Шрифт:
Интервал:
Закладка:
— Хватит болтать, — осадил он ее громким голосом. — Будет этому конец?!
В первый момент ему пришло в голову, что лучше всего было бы развестись с ней прямо в Карлсбаде, дать ей несколько тысяч отступного — и покончить со всей этой историей. Но ему было стыдно; к тому же он боялся, что развод повлечет за собой встречные обвинения и судебные иски, которые растянутся на годы. Копл вызывал у него слепую ярость, хотя в глубине души старик понимал, что тот ни в чем не виноват.

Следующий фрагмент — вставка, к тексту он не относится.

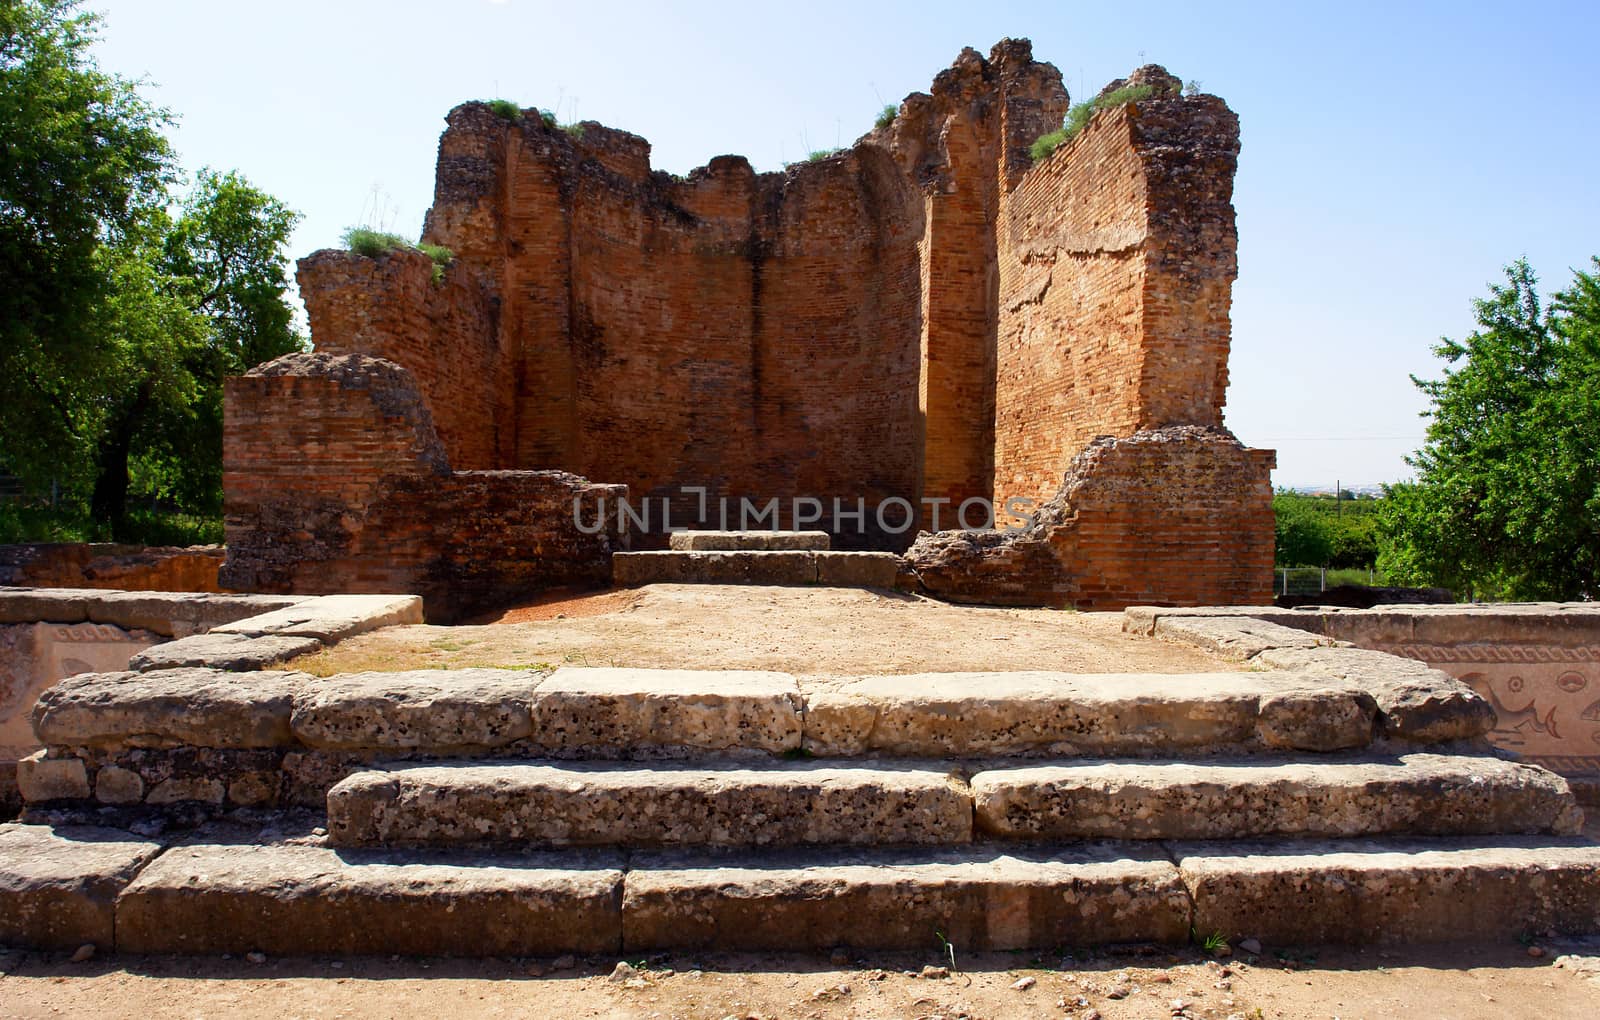 Roman temple ruins of "Milreu" by ptxgarfield

За шестьдесят с лишним лет, что реб Мешулам жил своим умом, он еще ни разу не совершал подобной глупости. Разве он не продумывал каждый свой шаг? Он всегда устраивал свои дела таким образом, что дураком оказывался не он, а кто-то другой. Пусть горячие головы торопятся, бьются головой в стену, доводят себя до нищеты, болезней, позора и даже смерти. Но ведь теперь он сам, Мешулам Мускат, совершил непростительную ошибку! Какую пользу мог принести ему этот брак? Над ним будут смеяться его собственные дети. Не говоря уж о том, что он связал себя финансовыми обязательствами; не может ведь он нарушить слово, которое дал! Нет, он не из тех людей, которые не выполняют обещанного. В этом его не могут обвинить даже самые злейшие враги.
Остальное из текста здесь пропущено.